Surat Cinta
Paling Rahasia
Halo, selamat pagi,
siang, malam,
atau kapanpun kau membuka
dan mulai membaca surat ini.
Ini
dari aku yang entah siapa dan surat ini memang untukmu yang mungkin membuat kau
bertanya-tanya. Aku tak akan menyebutkan namamu disini, namaku juga. Aku akan
menyebut surat ini jadi surat paling rahasia. Isinya tentang cinta, makanya
kubuat rahasia.
Lucu
juga rasanya menulis surat di zaman orang sibuk berkirim lewat surat-surat
elektronik. Klisenya karena cinta. Kata orang zaman dulu cinta itu nikmat lewat
berkirim surat. Umm...mungkin
aku salah satu orang yang pernah hidup di masa itu. Aku tidak mau bertanya
bagaimana kabarmu sekarang, karena sepertinya kita pun tidak pernah saling
kenal. Sepertinya loh ya, karena aku juga tidak tahu siapa
tahu kau memperhatikanku.
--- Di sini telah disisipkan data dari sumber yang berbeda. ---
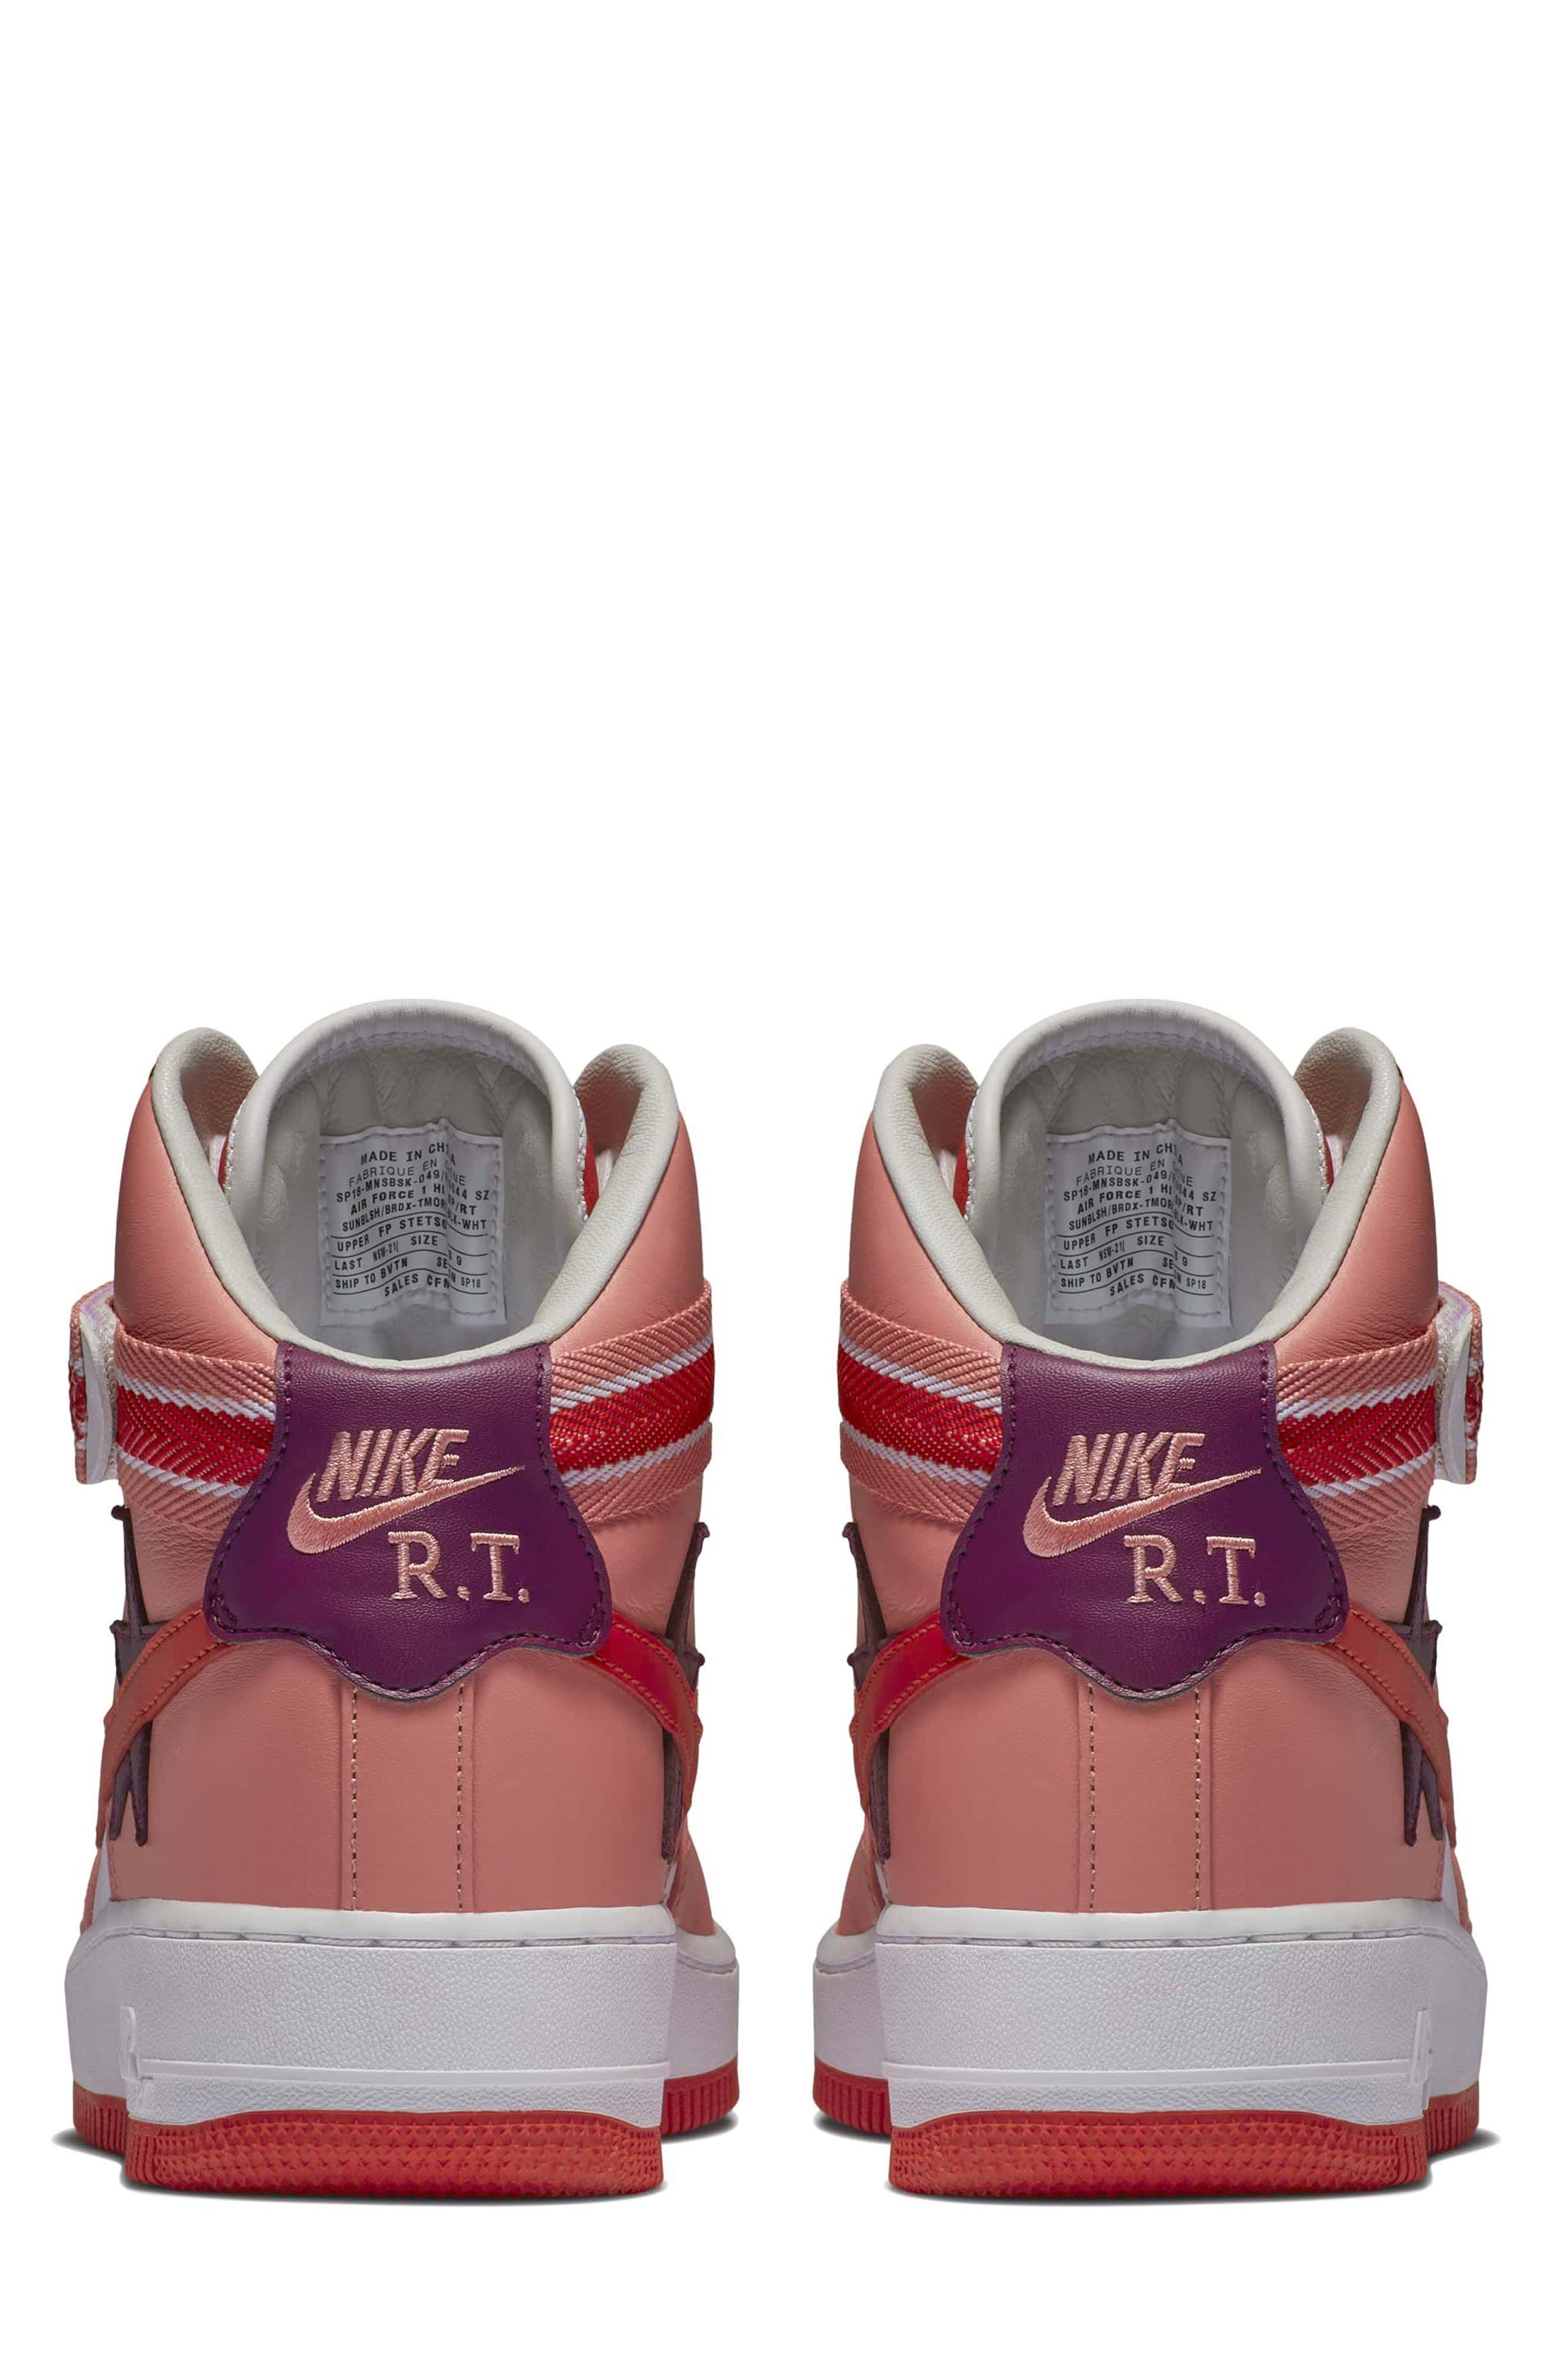 Air Force 1 High RT Sneaker,                             Alternate thumbnail 2, color,                             Coral/ Bordeax/ Orange/ Black

Benar-benar besar kepala aku ini.
Sesunguhnya
aku bingung bagaimana ingin memulai surat ini. Jadi apakah basa-basi aku
tentang bagaimana aku pertama kali melihatmu? karena aku juga tidak sadar kapan.
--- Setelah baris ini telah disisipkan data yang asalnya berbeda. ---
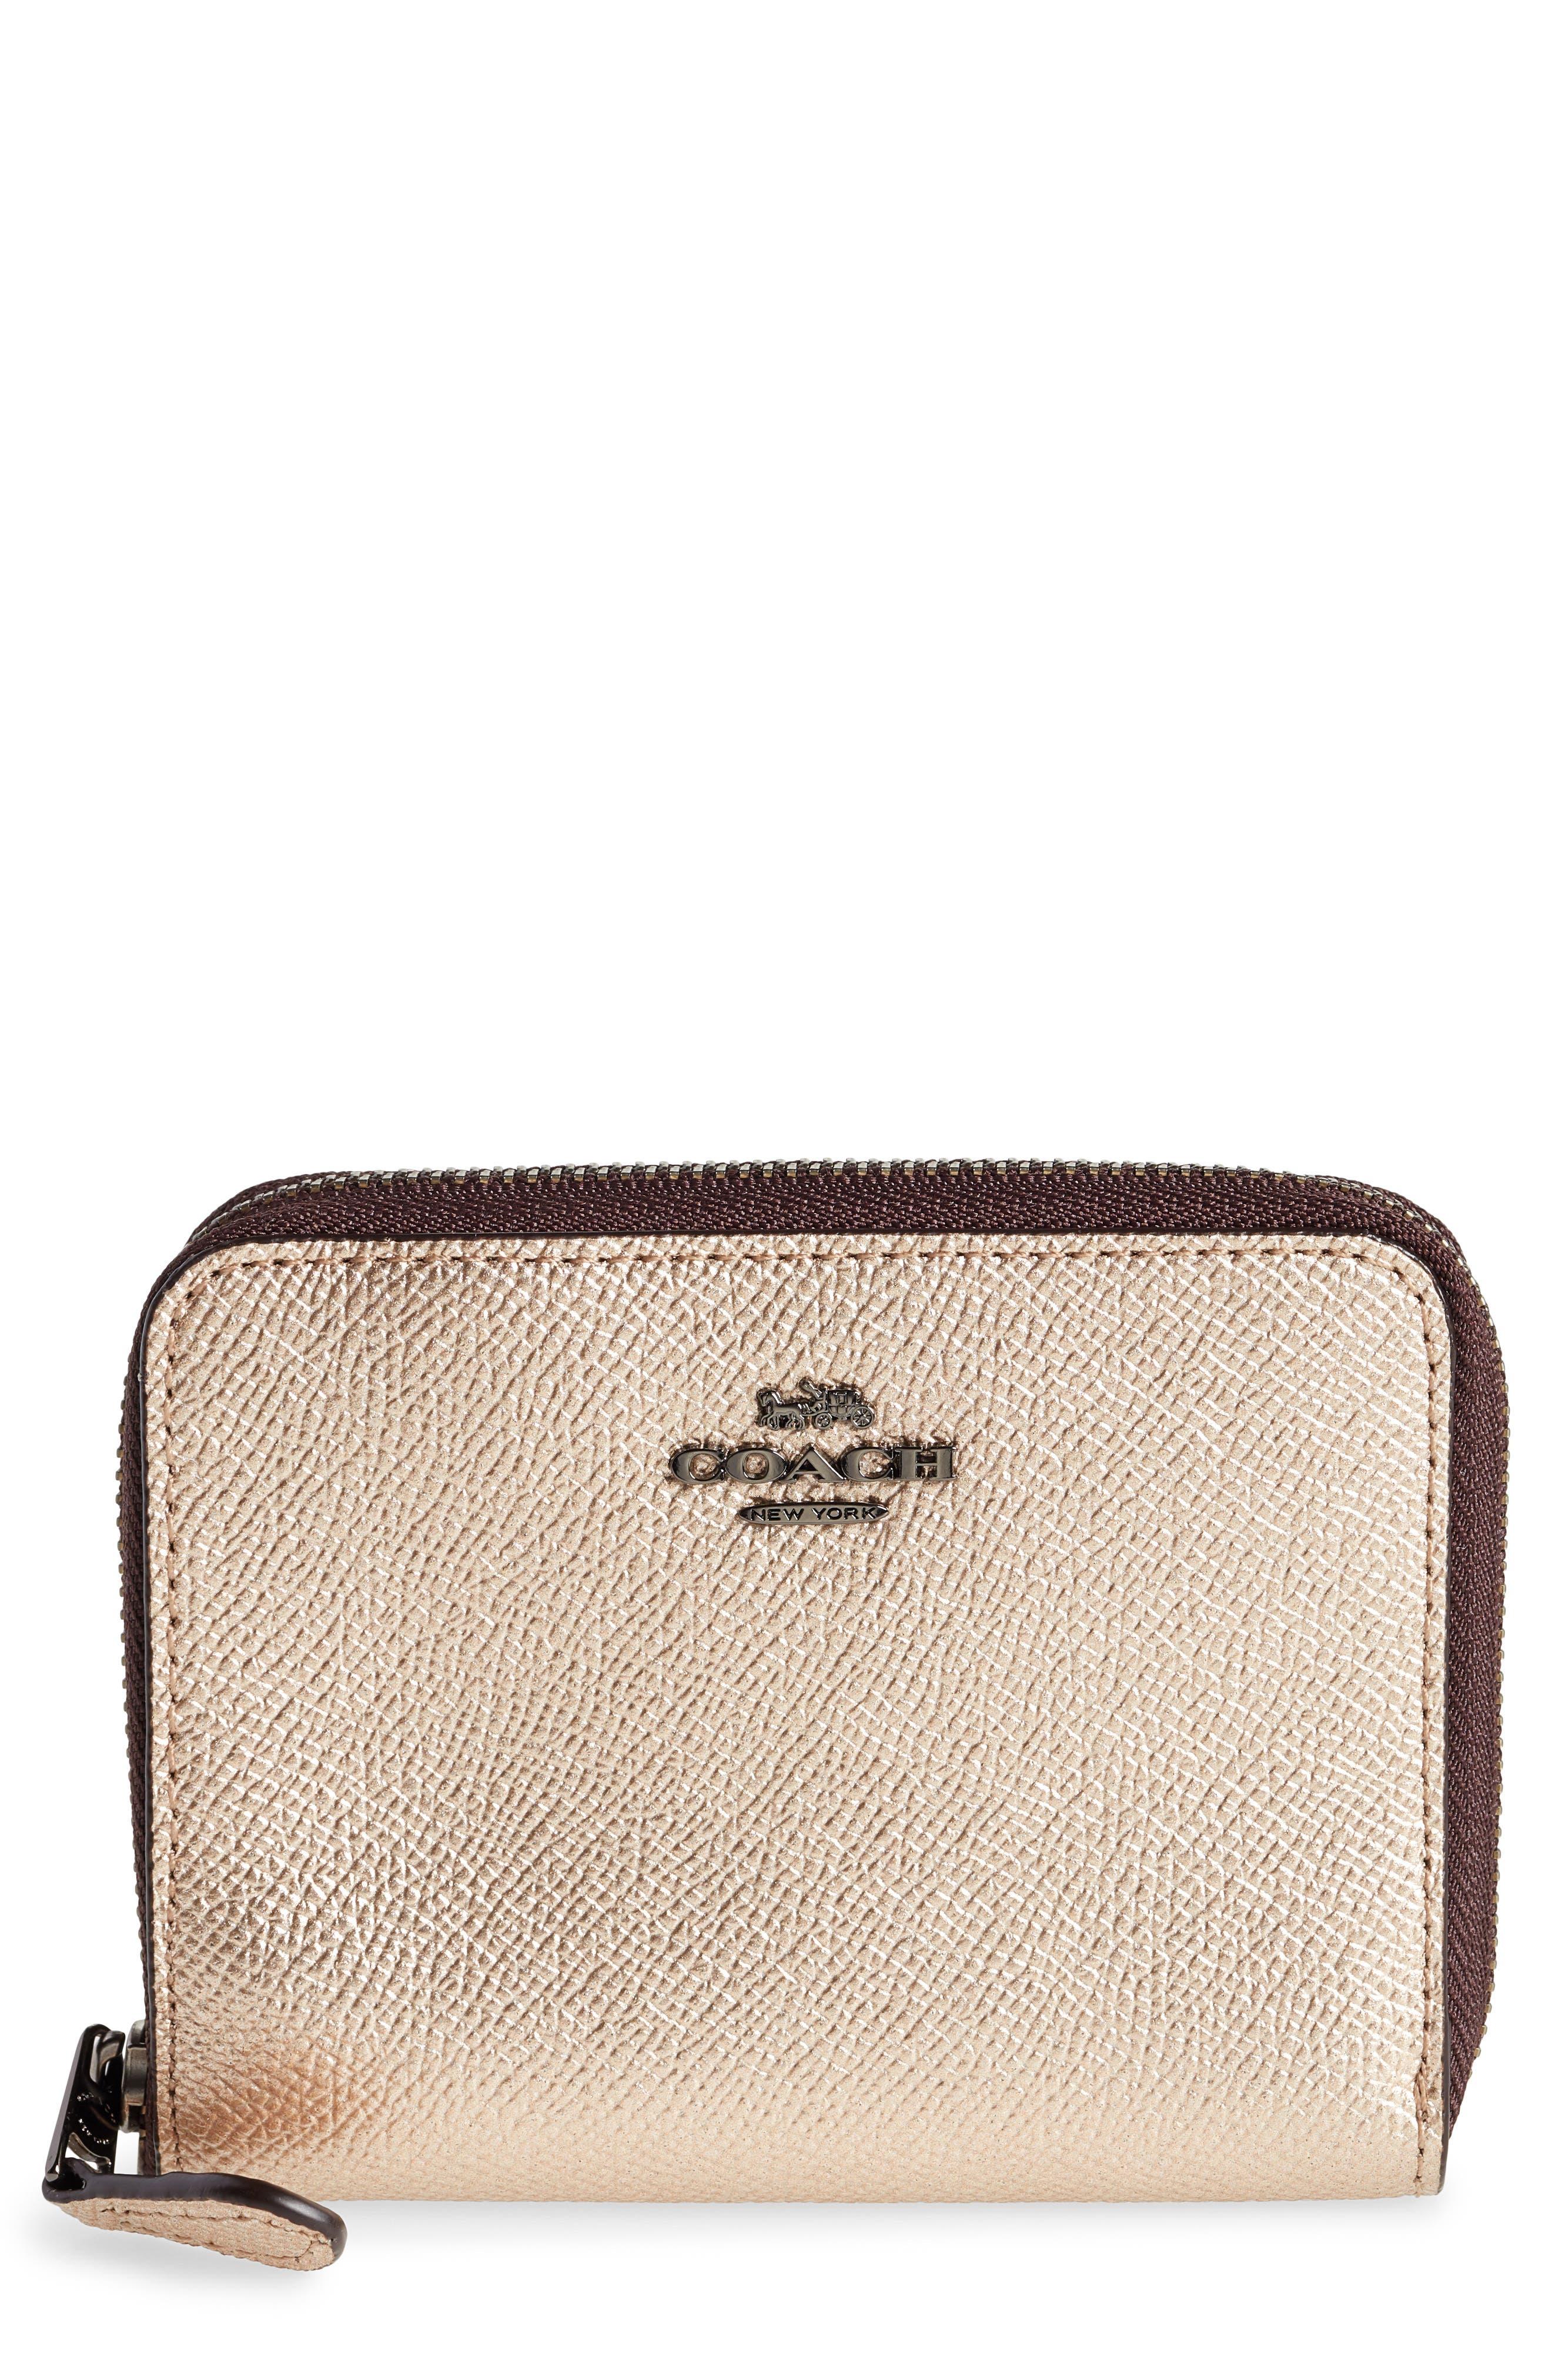 COACH Small Metallic Leather Zip Around Wallet, Main, color, PLATINUM

Karena ini bicara cinta, dan katanya cinta itu pertama datang dari mata lalu
turun ke hati. Tapi itu butuh momentum tepat. Kali saja kita sebelumnya telah
sering bertemu, tapi tak temu mata kita tak pernah turun ke hati.
Bagiku
momentum itu terjadi ketika aku melihatmu, aku merasa pernah melihatmu di satu
masa yang bukan sekarang. Mungkin kita pernah bertemu kala kita kanak-kanak.
Aku juga lupa apa yang mungkin kau lakukan waktu itu sampai mungkin masuk ke
alam bawah sadarku tanpa disengaja. Lalu tertanam selamanya. Wajahmu itu lalu
terpendam begitu lama, hingga kemudian kita bertemu dalam rupa yang telah lebih
dewasa. Dimana badan kita mungkin telah berubah, tapi garis - garis khas wajah
kita akan tetap tersimpan seperti yang ada di dalam rekaman jepret kamera.
Wajah
kecil itu lalu menyeruak keluar dan memaksaku menduga-duga apakah kita pernah
hidup dalam satu masa? Jika iya, lalu kenapa? aku jadi merasa seperti ada
cerita yang belum selesai tentang kita. Tapi apakah itu harus diselesaikan?
Sepertinya iya. Karenanya aku menulis surat ini. Menyelesaikan rasa penasaran.
Jadi
menurut dugaanku, aku pernah bertemu denganmu, karena kita ditempatkan dalam
satu ruangan dan kita saling bersebelahan. Aku hanya menyipitkan mata. Diam.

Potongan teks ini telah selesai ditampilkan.